* ABOUT THIS TASK *
Leaving out all pictures, return exactly the lines from the one that contains "VTC Academy tổ chức workshop" through the end of the data below.

* DATASET SECTION *
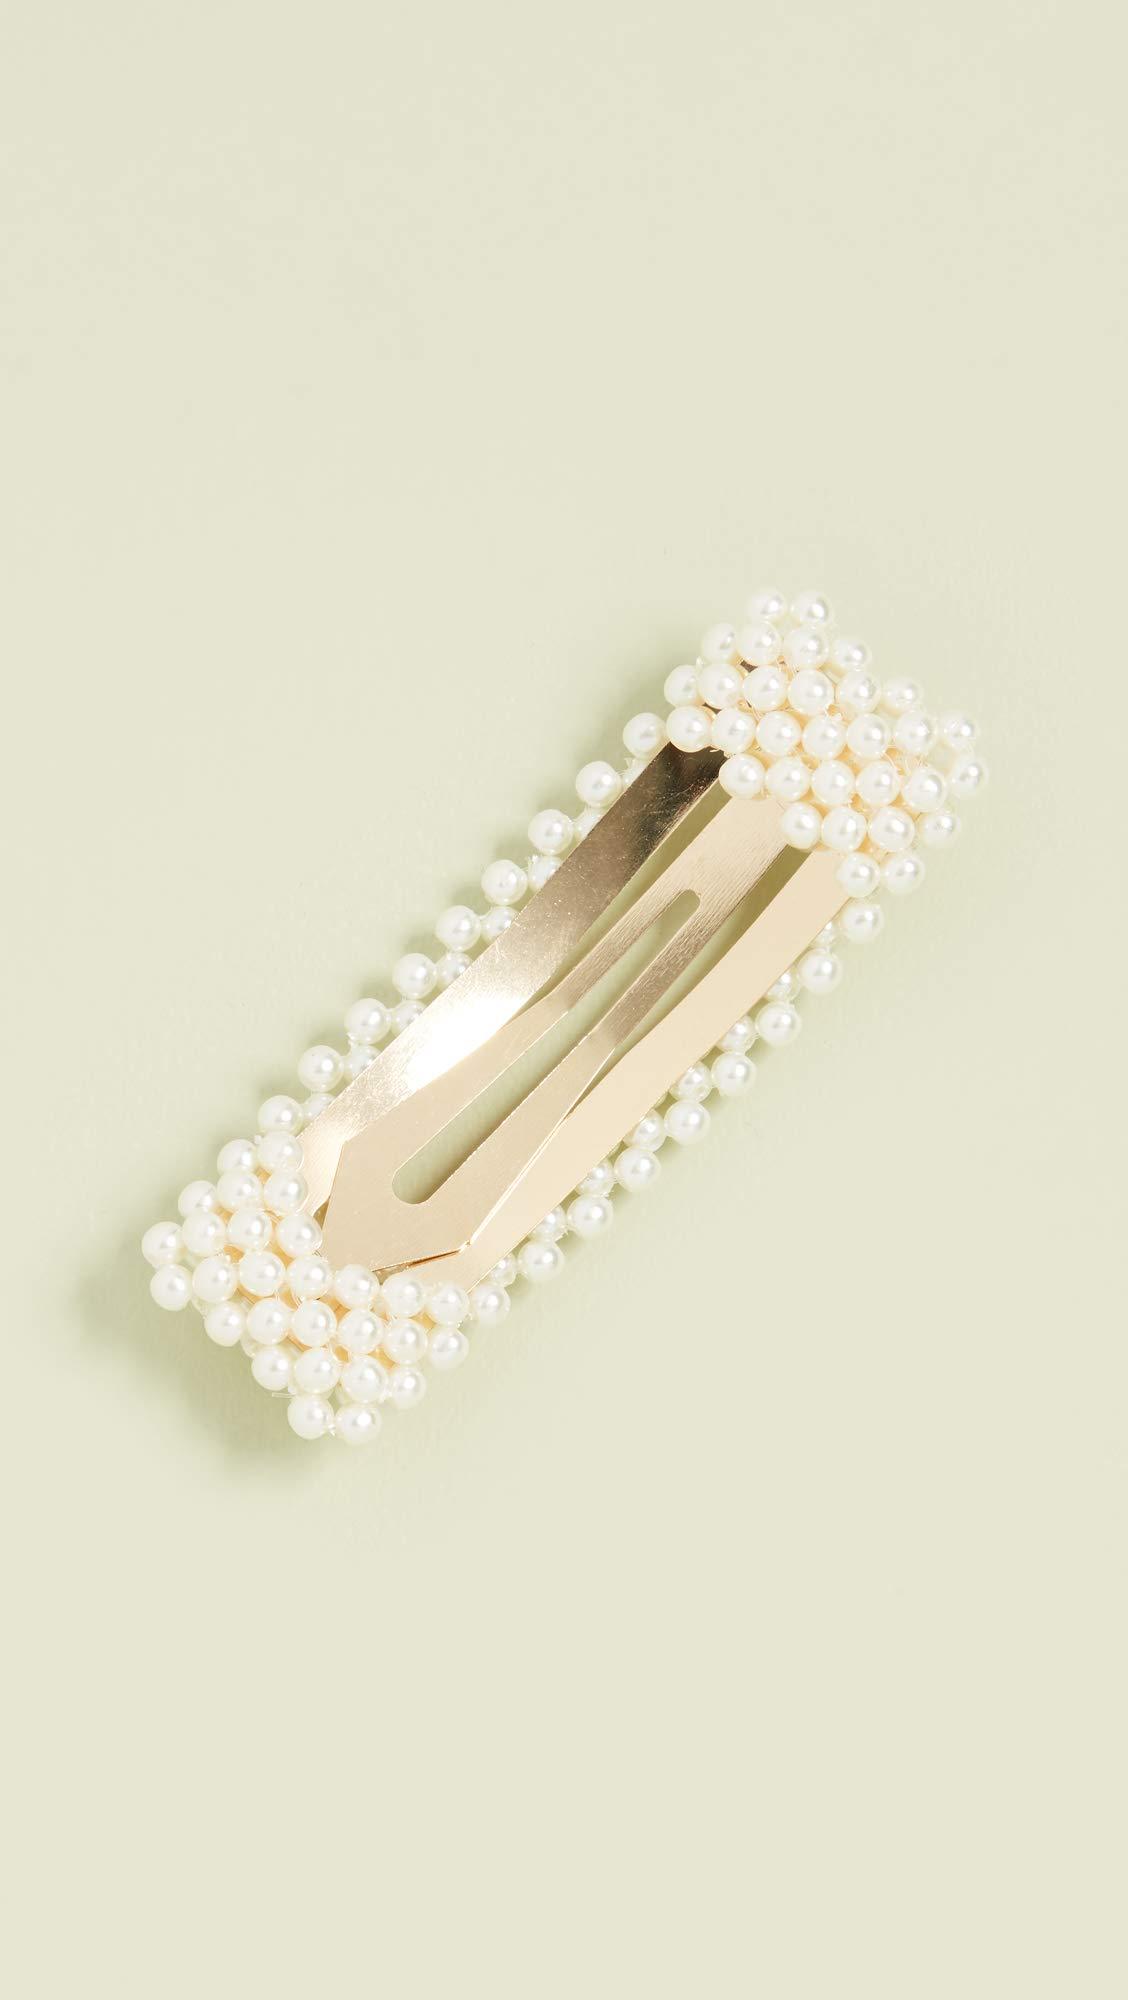 Jennifer Behr Women's Valerie Flip Clip, Pearl, Off White, One Size by Jennifer Behr (Image #4)
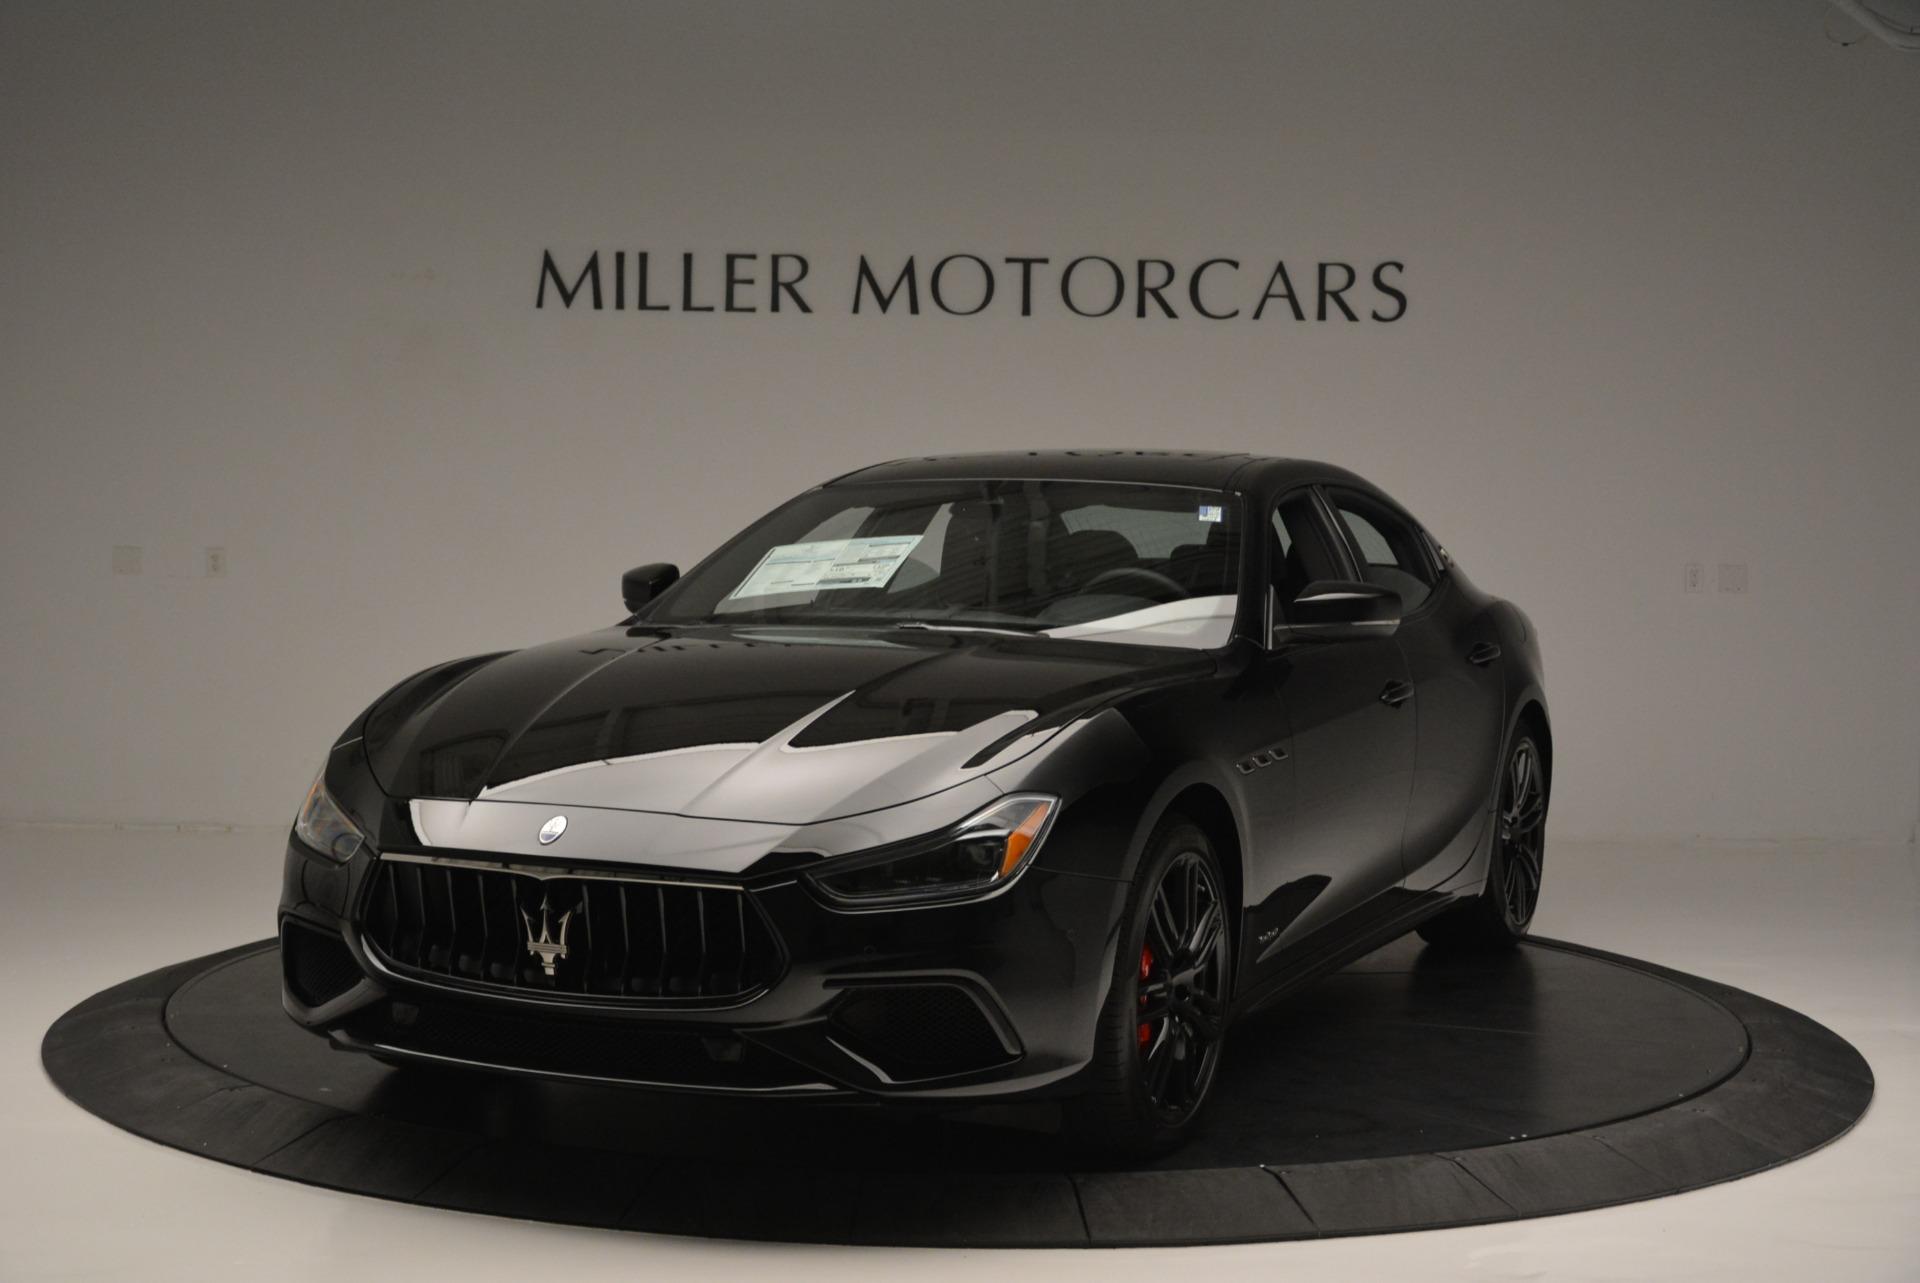 New 2018 Maserati Ghibli SQ4 GranSport Nerissimo For Sale In Westport, CT 2368_main
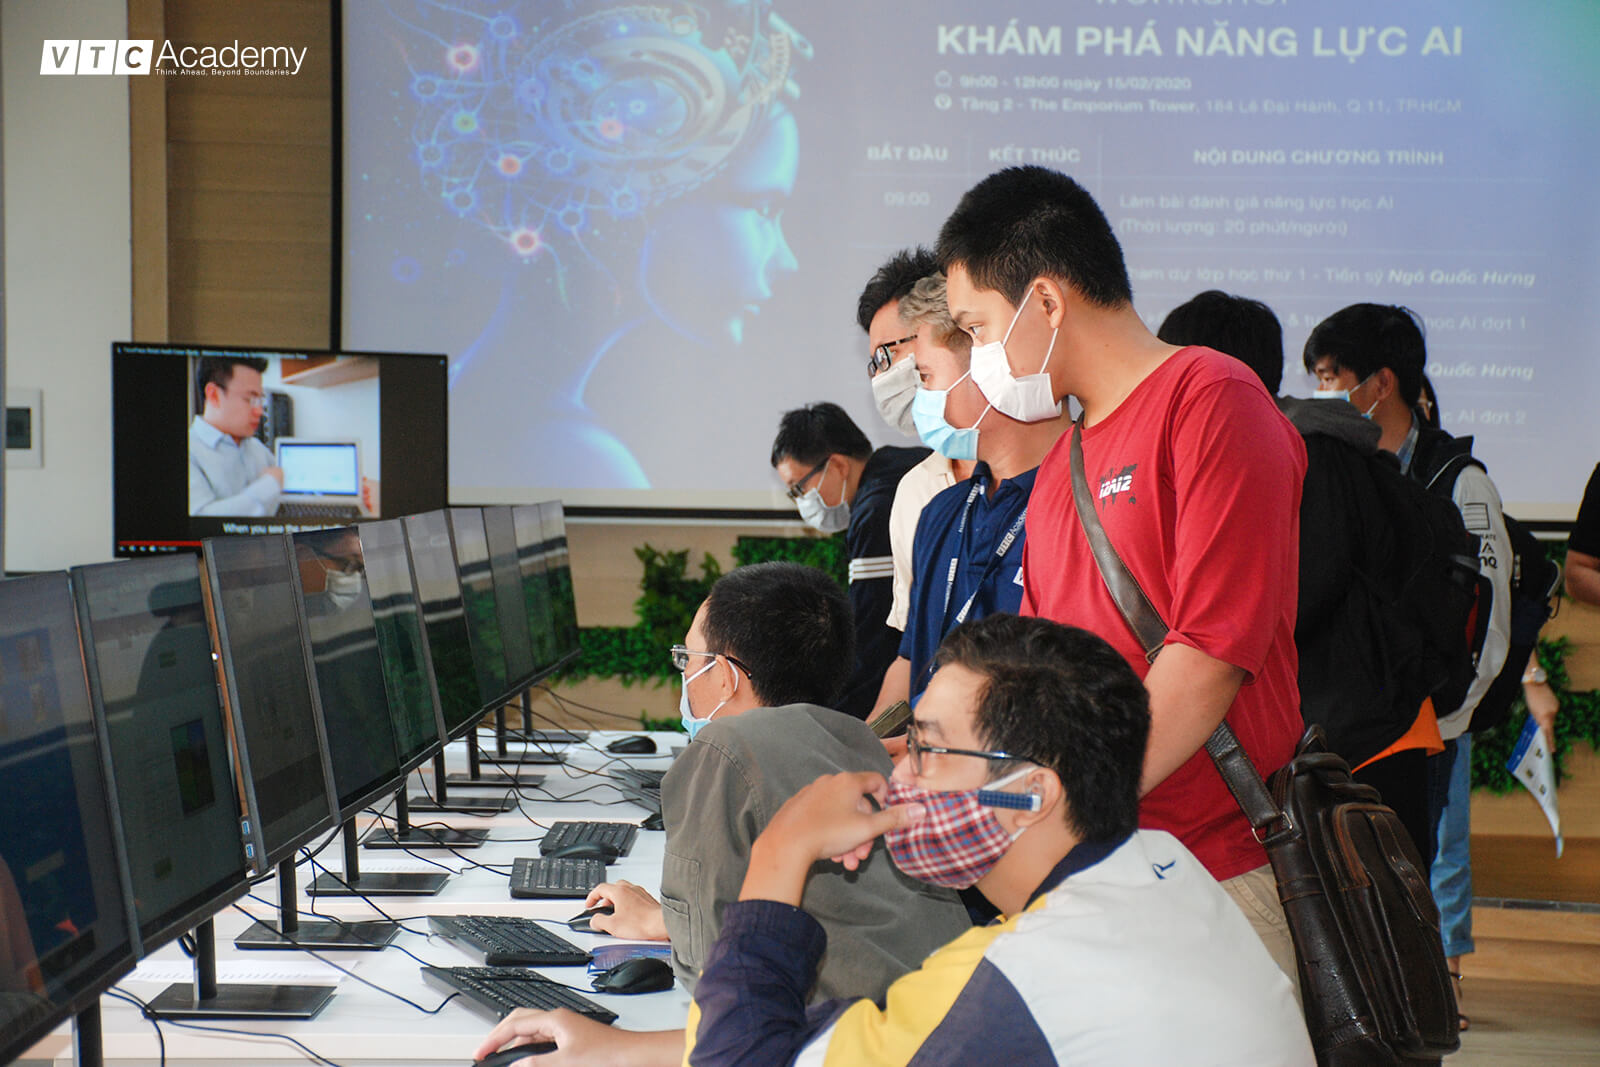 VTC Academy tổ chức workshop
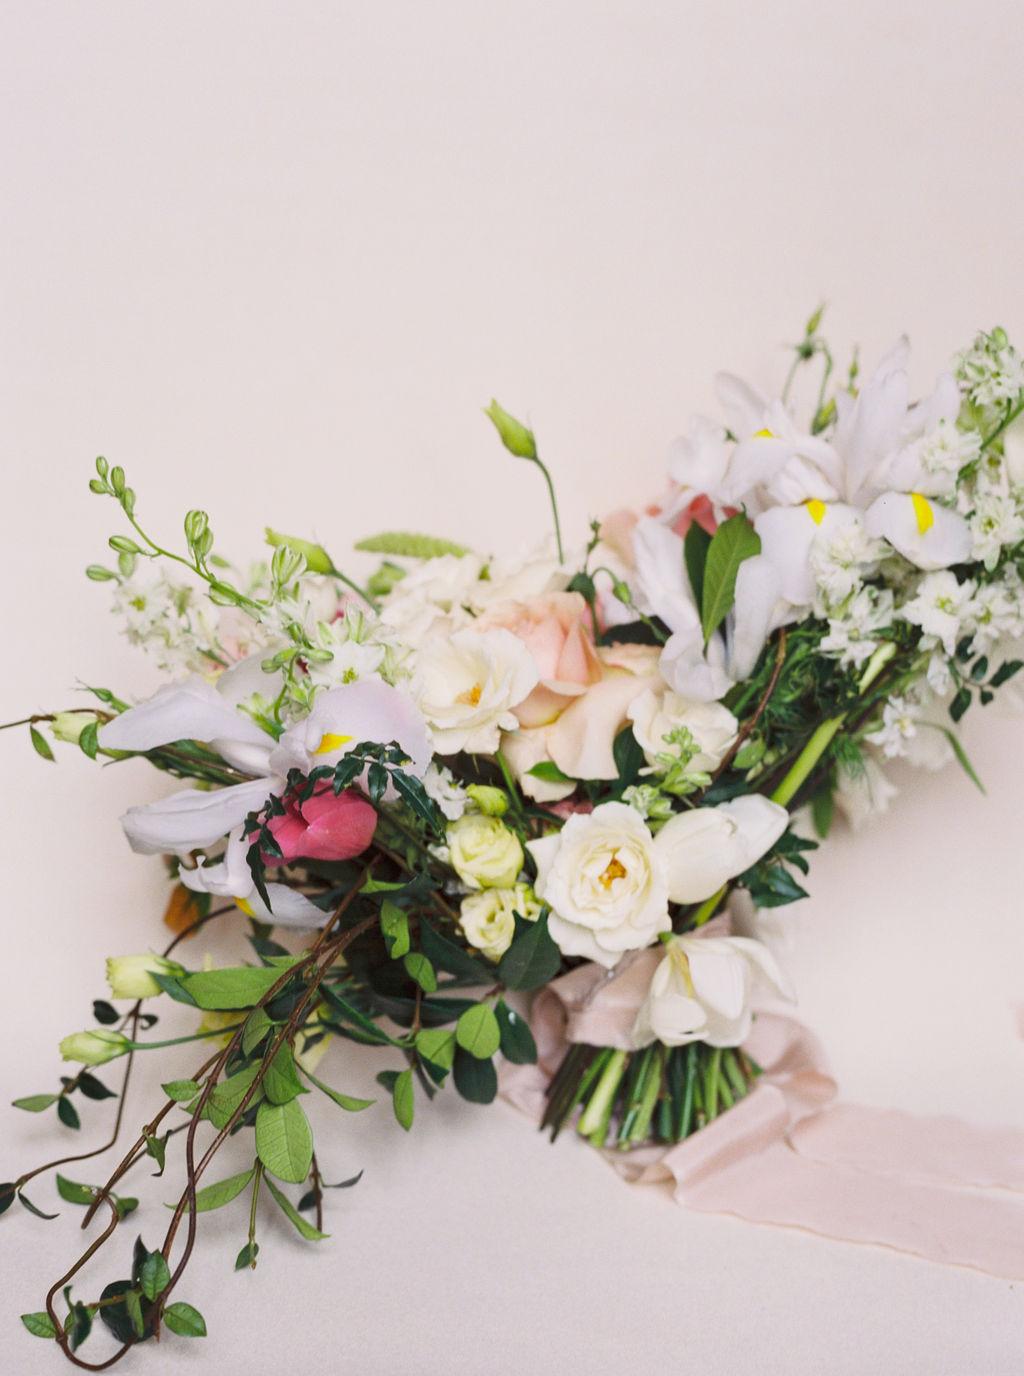 Spring Floral Bouquet Design

* EXERCISE RESULT *
 VTC Academy tổ chức workshop
 Spring Floral Bouquet Design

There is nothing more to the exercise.